/---
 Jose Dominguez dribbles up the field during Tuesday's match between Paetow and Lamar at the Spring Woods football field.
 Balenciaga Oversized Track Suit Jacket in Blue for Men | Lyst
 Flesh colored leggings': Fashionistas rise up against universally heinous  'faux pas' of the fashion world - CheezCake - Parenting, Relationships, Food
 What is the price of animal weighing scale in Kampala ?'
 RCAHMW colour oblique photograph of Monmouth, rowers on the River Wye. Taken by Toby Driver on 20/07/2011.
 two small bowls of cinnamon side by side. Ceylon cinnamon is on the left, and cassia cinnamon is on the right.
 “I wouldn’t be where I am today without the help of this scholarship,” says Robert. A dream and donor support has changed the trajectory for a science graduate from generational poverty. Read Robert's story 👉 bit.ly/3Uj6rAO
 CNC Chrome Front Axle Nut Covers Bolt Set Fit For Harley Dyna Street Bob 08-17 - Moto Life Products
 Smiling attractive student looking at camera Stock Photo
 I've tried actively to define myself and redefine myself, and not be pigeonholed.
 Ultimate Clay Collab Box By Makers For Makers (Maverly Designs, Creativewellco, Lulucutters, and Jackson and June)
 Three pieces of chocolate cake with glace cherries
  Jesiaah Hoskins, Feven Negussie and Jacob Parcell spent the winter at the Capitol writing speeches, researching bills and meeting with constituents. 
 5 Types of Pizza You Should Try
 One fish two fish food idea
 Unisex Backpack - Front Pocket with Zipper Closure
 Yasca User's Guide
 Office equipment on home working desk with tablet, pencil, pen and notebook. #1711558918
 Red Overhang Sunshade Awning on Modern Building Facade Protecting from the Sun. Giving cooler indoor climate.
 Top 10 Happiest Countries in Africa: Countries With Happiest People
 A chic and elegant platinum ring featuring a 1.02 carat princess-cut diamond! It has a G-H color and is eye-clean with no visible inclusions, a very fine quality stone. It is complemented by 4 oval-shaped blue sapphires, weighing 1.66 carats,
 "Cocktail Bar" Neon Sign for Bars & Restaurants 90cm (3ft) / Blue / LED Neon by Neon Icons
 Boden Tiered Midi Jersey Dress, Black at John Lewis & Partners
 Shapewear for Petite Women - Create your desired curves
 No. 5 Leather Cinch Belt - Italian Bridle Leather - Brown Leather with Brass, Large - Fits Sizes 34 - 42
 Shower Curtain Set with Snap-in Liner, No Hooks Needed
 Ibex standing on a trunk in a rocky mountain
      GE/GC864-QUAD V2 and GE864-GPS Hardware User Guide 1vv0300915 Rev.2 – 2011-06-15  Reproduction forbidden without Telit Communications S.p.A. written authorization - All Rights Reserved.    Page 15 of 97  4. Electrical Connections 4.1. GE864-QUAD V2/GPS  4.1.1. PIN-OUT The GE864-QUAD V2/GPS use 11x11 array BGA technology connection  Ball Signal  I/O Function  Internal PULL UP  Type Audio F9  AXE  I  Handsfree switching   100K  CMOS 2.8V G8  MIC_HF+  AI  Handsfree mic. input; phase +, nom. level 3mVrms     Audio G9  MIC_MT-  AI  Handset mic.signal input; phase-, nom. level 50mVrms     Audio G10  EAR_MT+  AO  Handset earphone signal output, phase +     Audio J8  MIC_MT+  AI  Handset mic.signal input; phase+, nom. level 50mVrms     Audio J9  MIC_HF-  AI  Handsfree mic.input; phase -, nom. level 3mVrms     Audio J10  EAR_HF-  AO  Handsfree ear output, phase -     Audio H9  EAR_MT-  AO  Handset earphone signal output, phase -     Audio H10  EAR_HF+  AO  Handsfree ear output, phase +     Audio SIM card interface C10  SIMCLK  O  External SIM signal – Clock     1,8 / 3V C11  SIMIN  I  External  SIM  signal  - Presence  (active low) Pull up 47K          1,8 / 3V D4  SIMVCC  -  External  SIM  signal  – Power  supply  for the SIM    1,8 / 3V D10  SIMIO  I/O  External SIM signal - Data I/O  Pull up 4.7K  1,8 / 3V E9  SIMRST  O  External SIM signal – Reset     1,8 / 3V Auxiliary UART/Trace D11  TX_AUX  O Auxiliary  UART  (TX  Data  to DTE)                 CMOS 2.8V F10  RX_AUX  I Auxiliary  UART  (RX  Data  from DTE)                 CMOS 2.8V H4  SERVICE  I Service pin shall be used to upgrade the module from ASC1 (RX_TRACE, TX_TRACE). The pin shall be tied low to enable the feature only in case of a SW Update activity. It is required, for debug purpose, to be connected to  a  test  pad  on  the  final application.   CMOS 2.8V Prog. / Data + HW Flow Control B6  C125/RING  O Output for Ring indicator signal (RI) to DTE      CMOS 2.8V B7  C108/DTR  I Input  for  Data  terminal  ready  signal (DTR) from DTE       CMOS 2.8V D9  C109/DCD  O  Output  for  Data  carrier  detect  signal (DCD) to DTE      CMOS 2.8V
\---
Work item: Your task is to return each line of the data above that contains the string "Front".

Exercise result:
 CNC Chrome Front Axle Nut Covers Bolt Set Fit For Harley Dyna Street Bob 08-17 - Moto Life Products
 Unisex Backpack - Front Pocket with Zipper Closure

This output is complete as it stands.